Monday, June 11, 2007

Electricity not cut off for Communists - yet

The Washington Times reports:
The swing to the right in last month's presidential election and yesterday's parliamentary balloting have brought the French Communist Party -- once France's biggest political organization -- to the brink of bankruptcy.
Famously supported by poets and intellectuals including Pablo Picasso, surrealists Andre Breton and Rene Magritte, and poet Louis Aragon, the Communists were historically never short of a few francs. But they were always secretive about their funding, partly because some of it came from the KGB, the Russian intelligence service.

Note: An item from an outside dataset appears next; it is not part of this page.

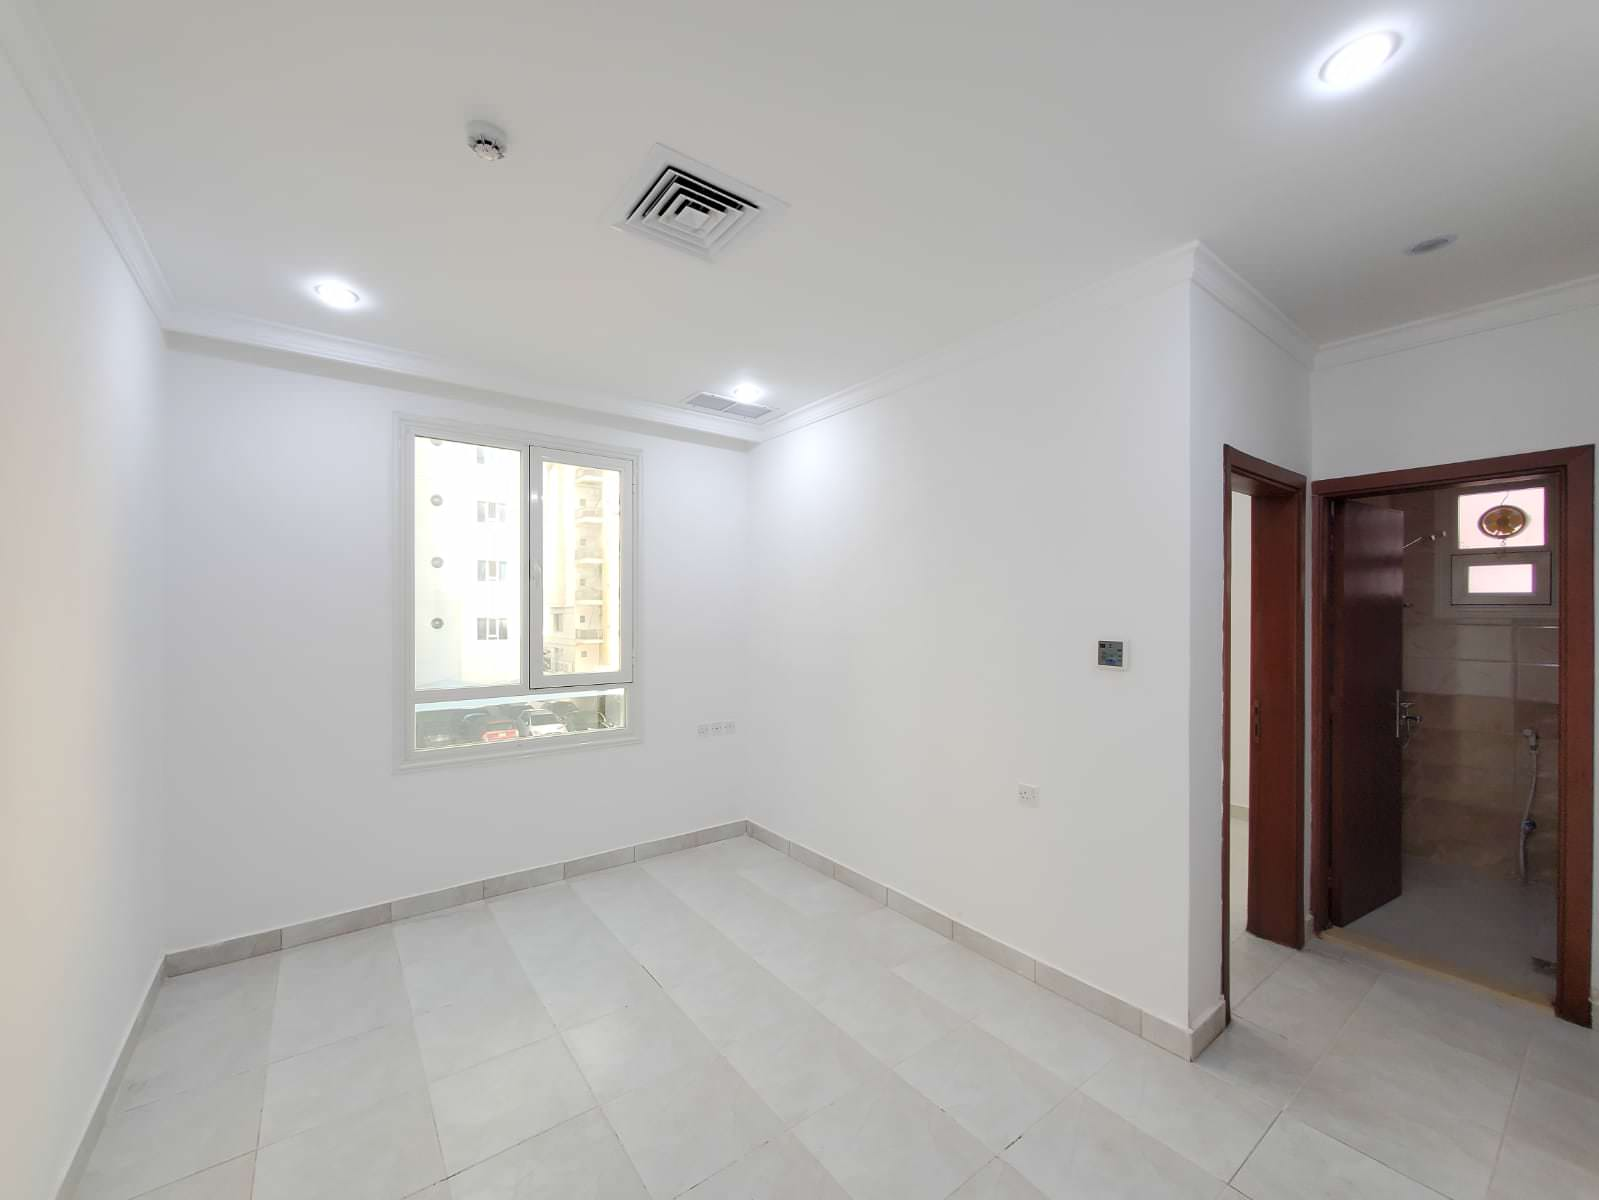 Salmiya – small, unfurnished, one bedroom apartment
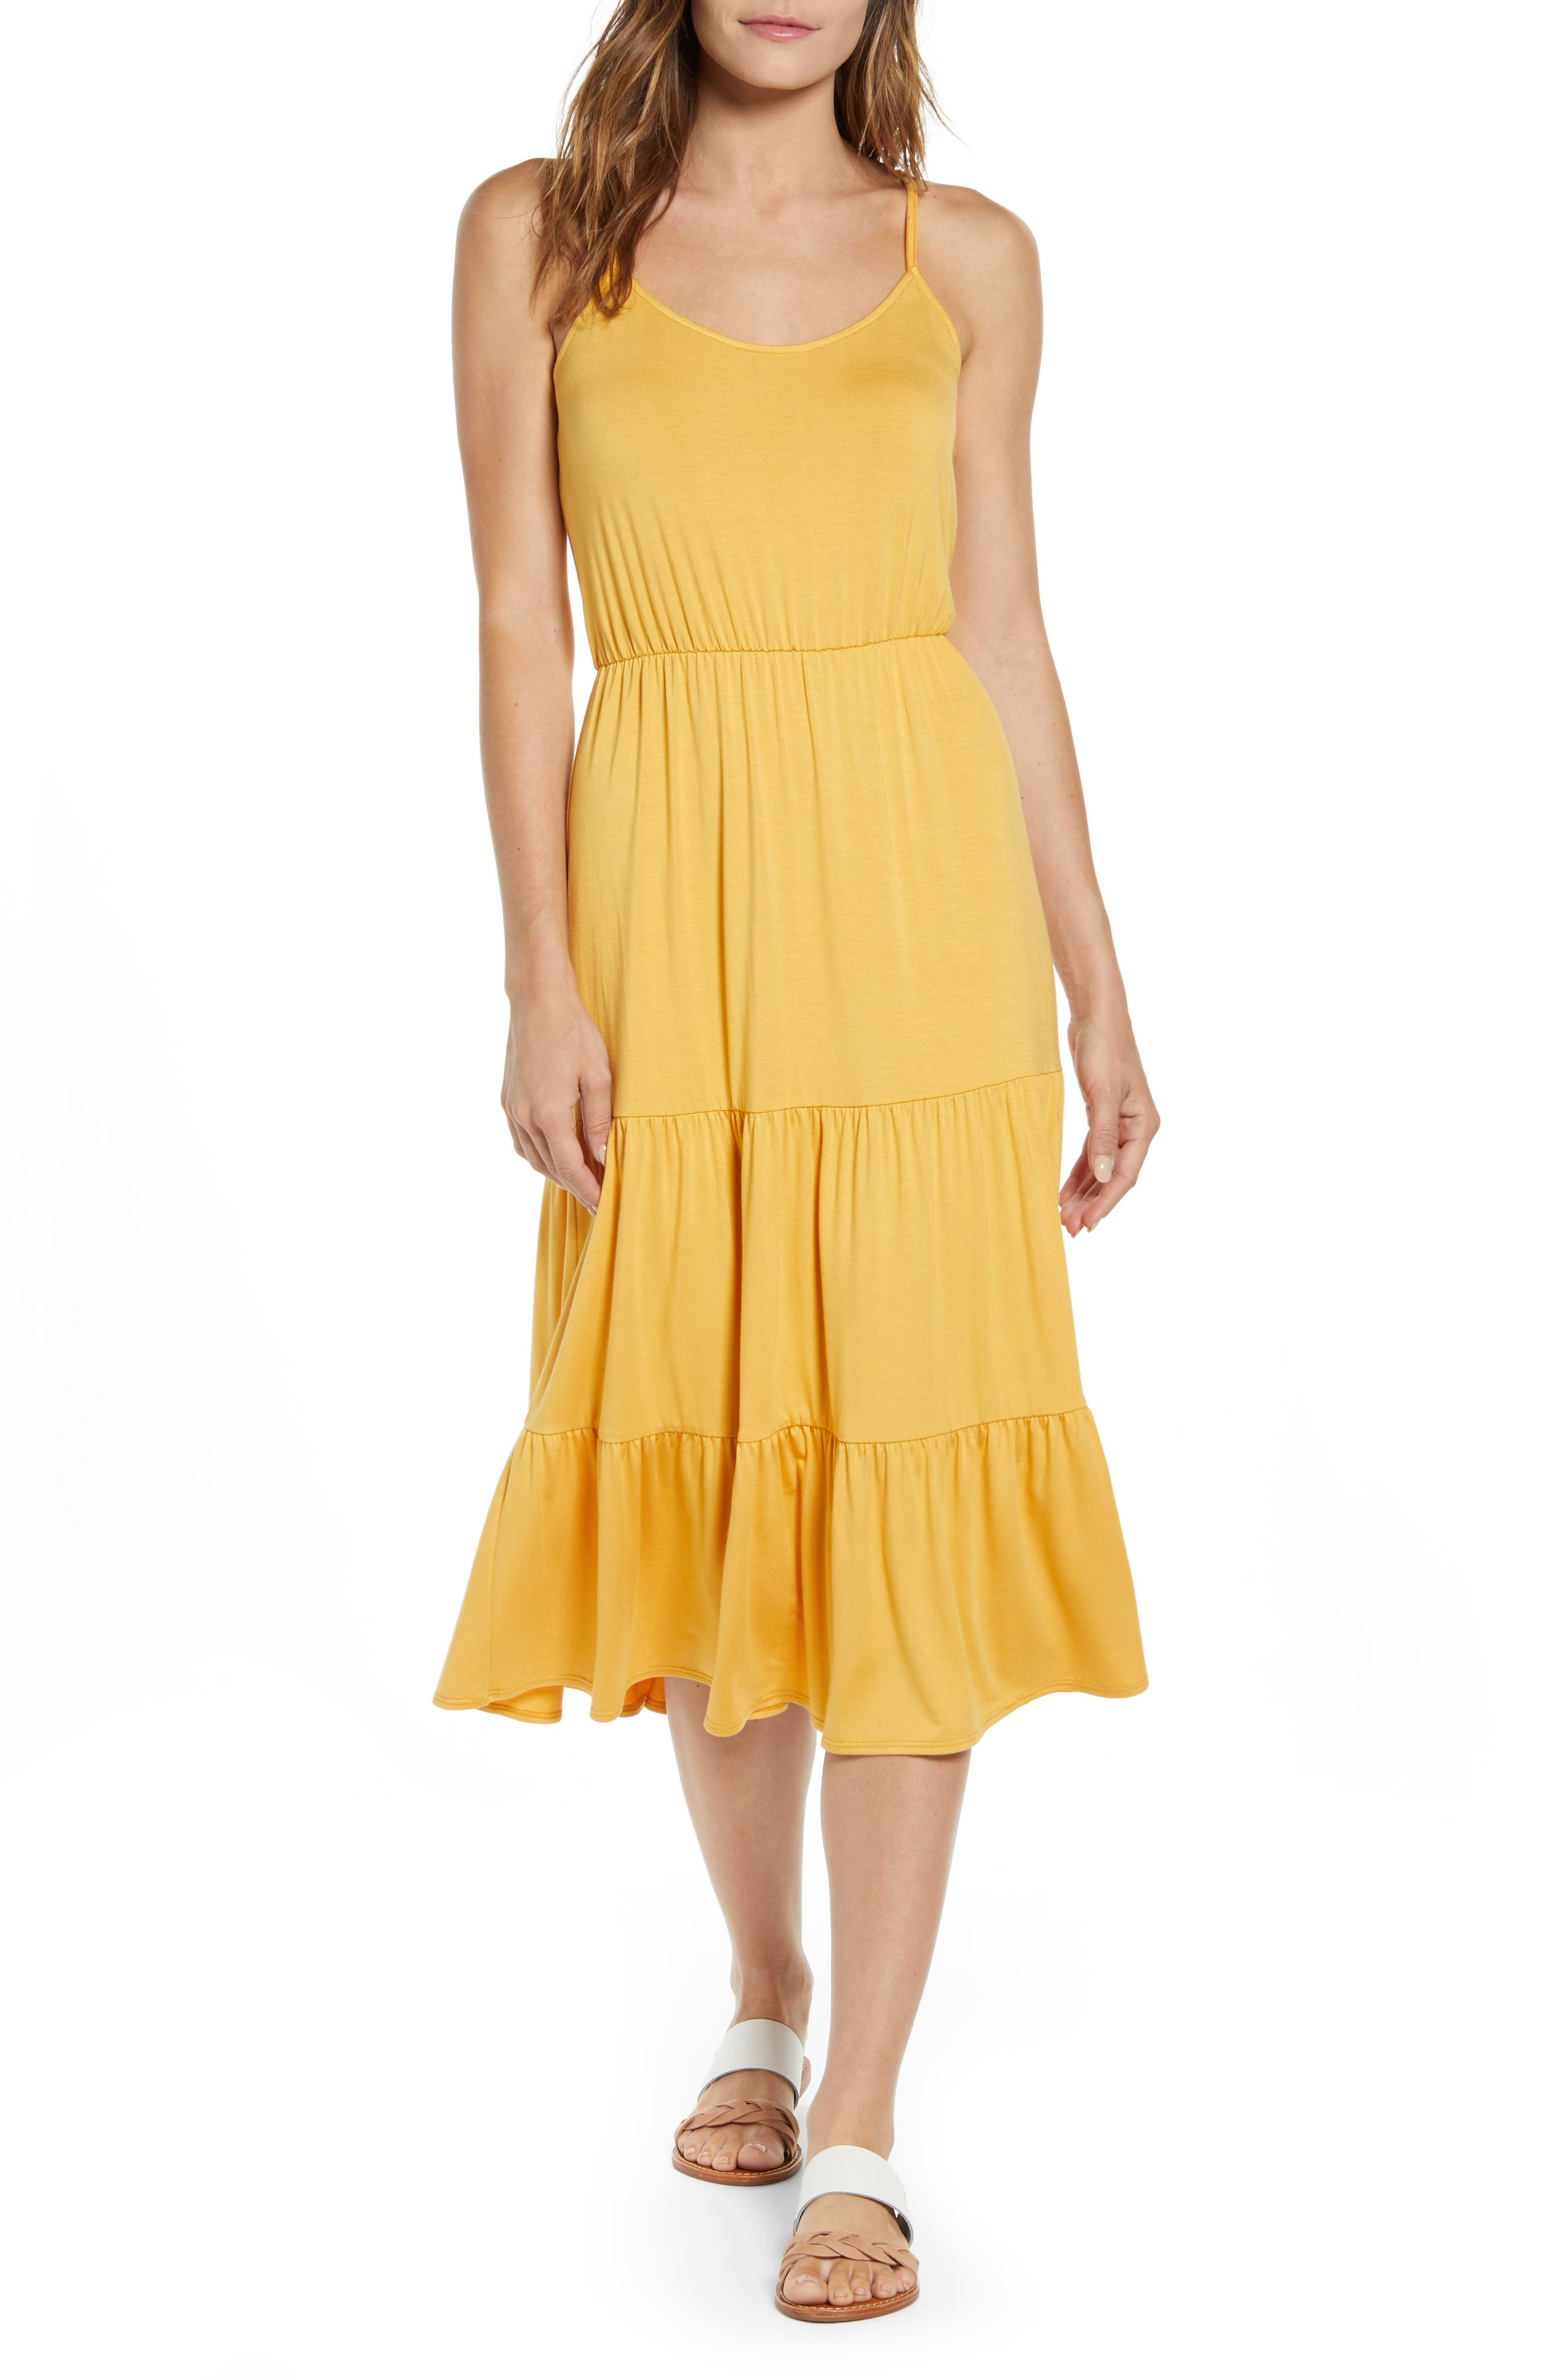 Petite Gibson X The Motherchic Sunset Tiered Knit Maxi Dress, Yellow

At the height of their power, the Communists ruled in coalition administrations and could make or break governments. When they ordered a strike, hundreds of thousands brought France to a standstill.
But now the party has been forced to acknowledge that things are "seriously tight" as speculation rises that it plans to sell such prized possessions as its emblematic Paris headquarters -- designed by the Brazilian architect Oscar Niemeyer -- and valuable art including "Mona Lisa With Mustache" by Marcel Duchamp.
In the "catastrophic" presidential campaign, party leader Marie-George Buffet ran up a $7.37 million bill that yielded just 1.93 percent of the votes. Under France's complex system of political funding, the collapse of support meant only $1.08 million was reimbursed by the state, rather than the $10.7 million the party would have received had he won at least 5 percent of the national vote.
The struggles of the non-working class.